Ok, before we begin, there are MASSIVE SPOILERS in here if you haven’t seen Batman V Superman yet, ok?
You’ve been warned…
Before I went in to see Batman V Superman (I was very underwhelmed by much of it and also adored some of it in case you’re wondering) I learned a piece of information that really knocked me off-centre for my viewing.
Do you remember Burton’s ’89 movie? And how the fact that Batman was a killer annoyed people? Well, as much as I love that movie and would say it was the movie that cemented me in the Nerdy foundation I find myself in now, it annoys me to this day that he’s bowing people up and dropping them down cathedral spires.
Nolan’s Dark Knight series established that he would never kill (although with Ra’s Al Ghul he didn’t feel obliged to save him either) in the confines of that world.

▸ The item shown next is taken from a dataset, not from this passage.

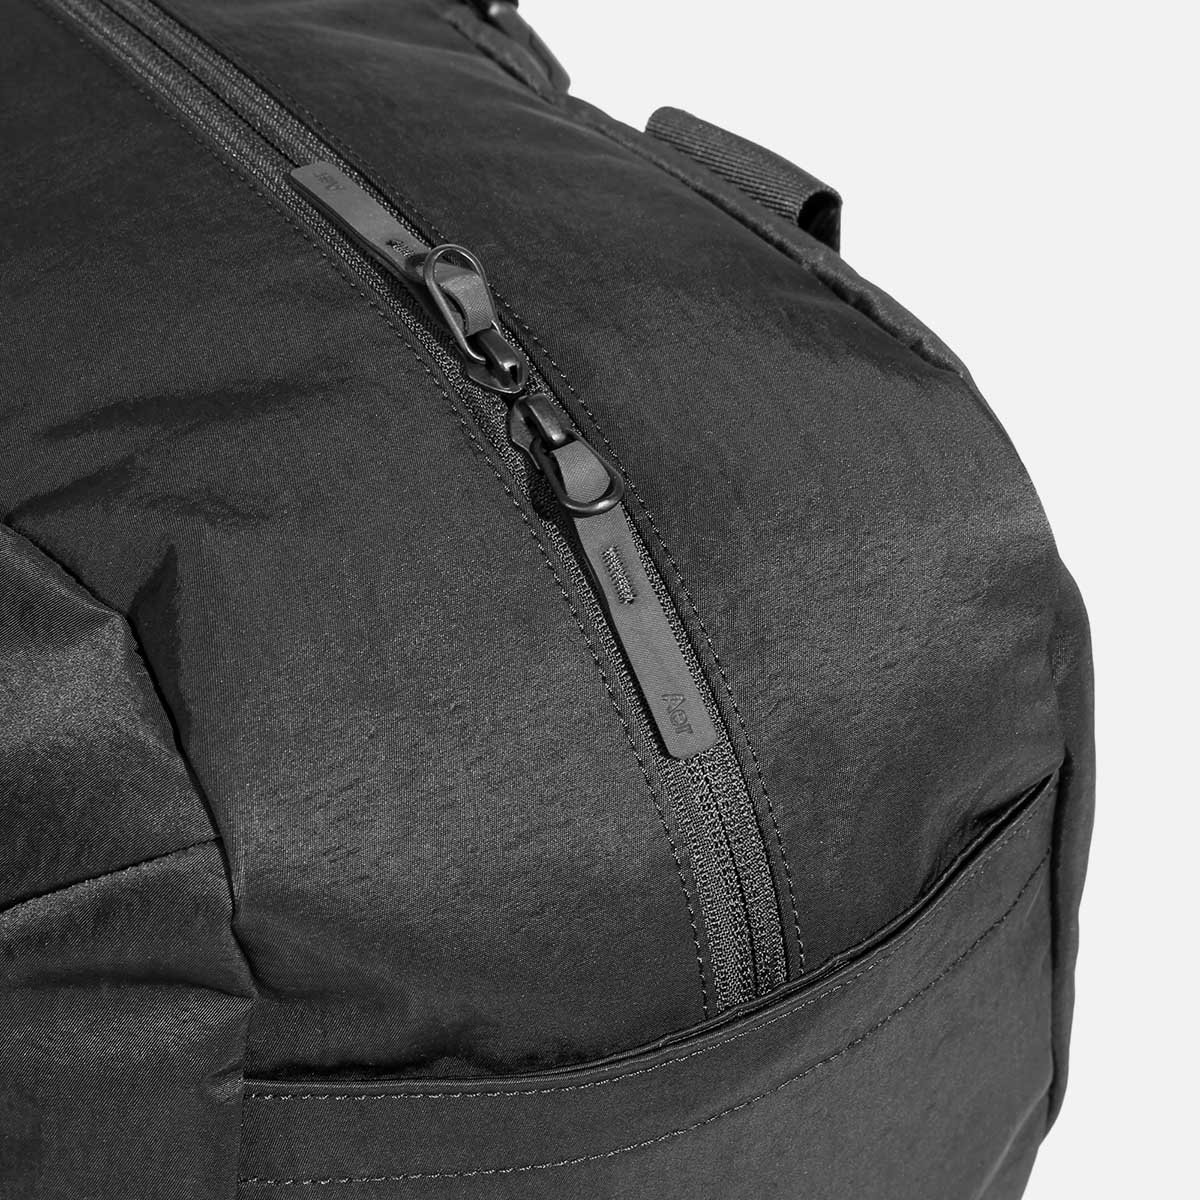 Go Duffel 2 - Black — Aer | Modern gym bags, travel backpacks and ...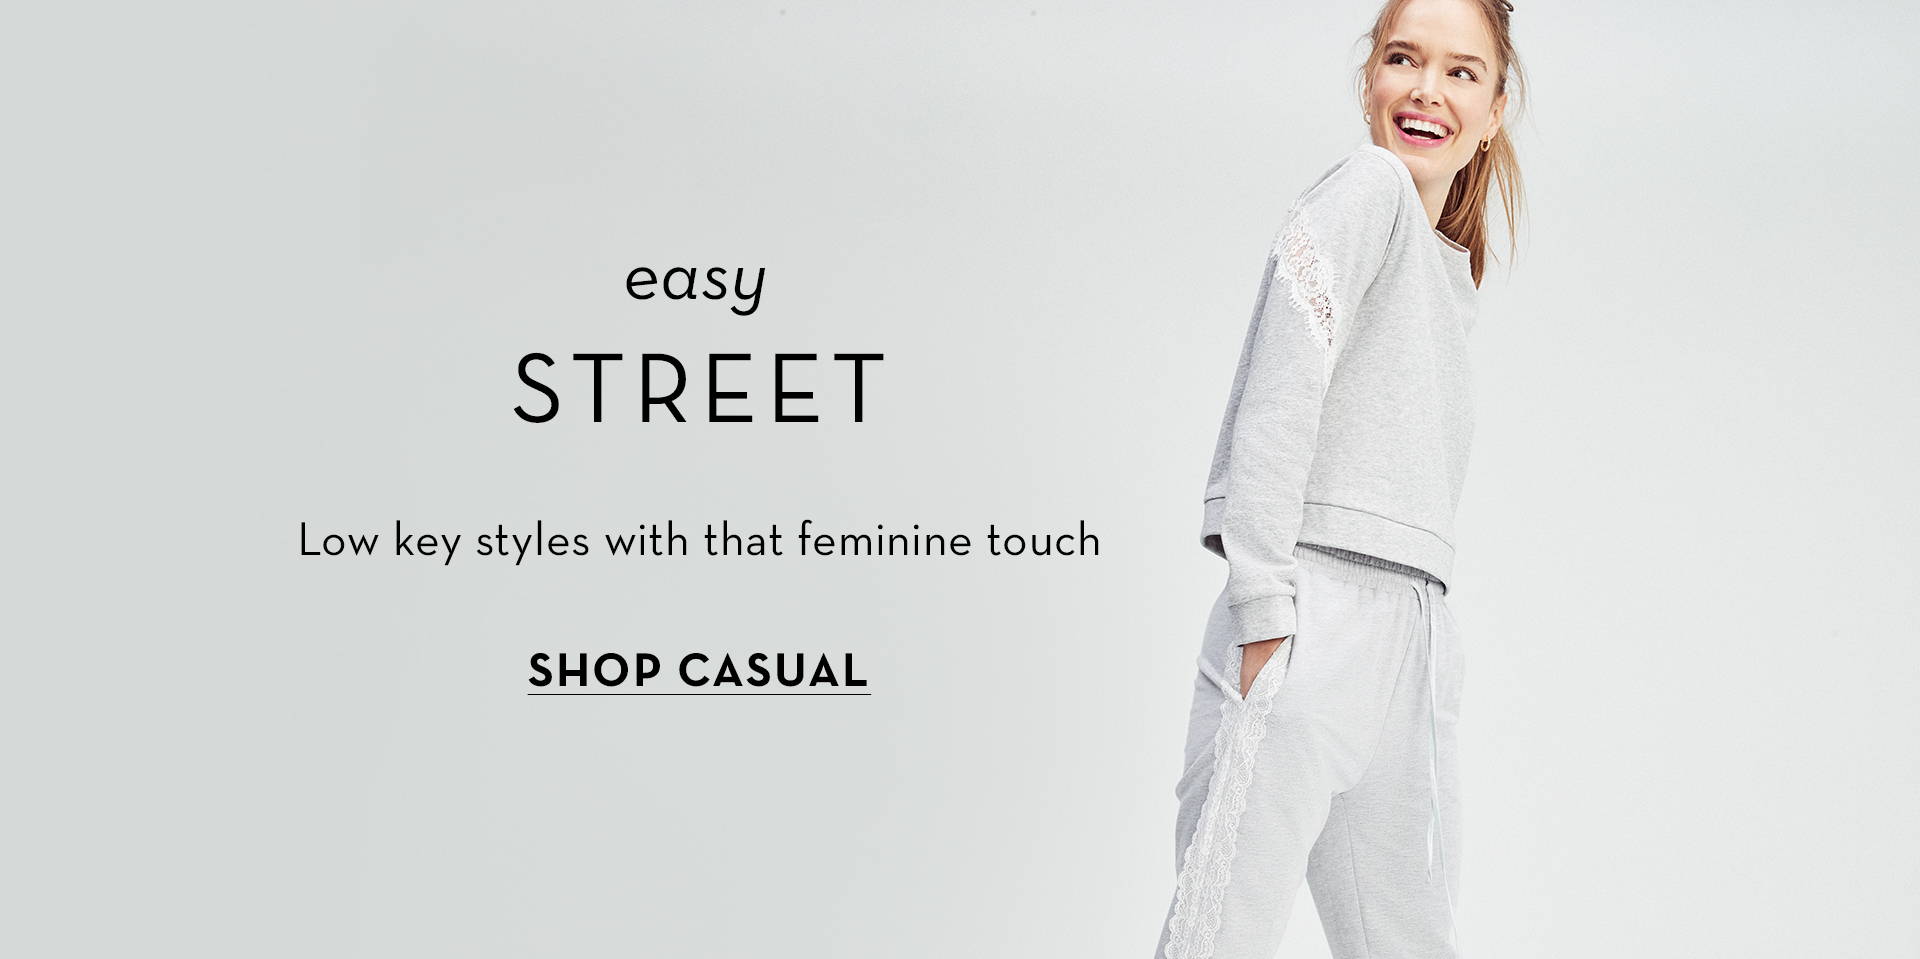 Easy Street, Shop Casual

Bruce Wayne in the comics took a vow before putting on the suit that, no matter what, he would not become a killer.
But in Batman V Superman he is a cold-blooded and vicious killer (I loved how dark and dangerous he was but man, the killing is a major disregard of what makes him Batman in my eyes).
Talking to Hey U Guys, director Zack Snyder explained why this was the case (the full video is below): “I tried to do it in a technical way. There’s a great YouTube video that shows all the kills in the Christopher Nolan movies even though we would perceive them as movies where he doesn’t kill anyone. I think there’s 42 potential kills that Batman does! Also, it goes back and includes even the Tim Burton Batman movies where this reputation as a guy that doesn’t kill comes from [Ed’s note – no it doesn’t].
“So, I tried to do it by proxy. Shoot the car they’re in, the car blows up or the grenade would go off in the guy’s hand or when he shoots the tank and the guy pretty much lights the tank [himself]. I perceive it as him not killing directly, but if the bad guys are associated with a thing that happens to blow up, he would say that that’s not really his problem.
A little more like manslaughter than murder, although I would say that in the Frank Miller comic book that I reference, he kills all the time. There’s a scene from the graphic novel where he busts through a wall, takes the guy’s machine gun…I took that little vignette from a scene in The Dark Knight Returns, and at the end of that, he shoots the guy right between the eyes with the machine gun. One shot. Of course, I went to the gas tank, and all of the guys I work with were like, ‘You’ve gotta shoot him in the head’ because they’re all comic book dorks, and I was like, ‘I’m not gonna be the guy that does that!’”
Honestly, we think that’s nonsense – sorry Zack – just say your Batman is a killer now, we don’t have to like it but don’t try to say that if he shoots a car and it blows up killing the bad guys, it’s directly murder.
Am I wrong? Let us know…
It seems Snyder is dealing in degrees of greyness, similar to how Batman in Batman Begins was unwilling to kill, but was just fine with leaving Ra’s al Ghul to die.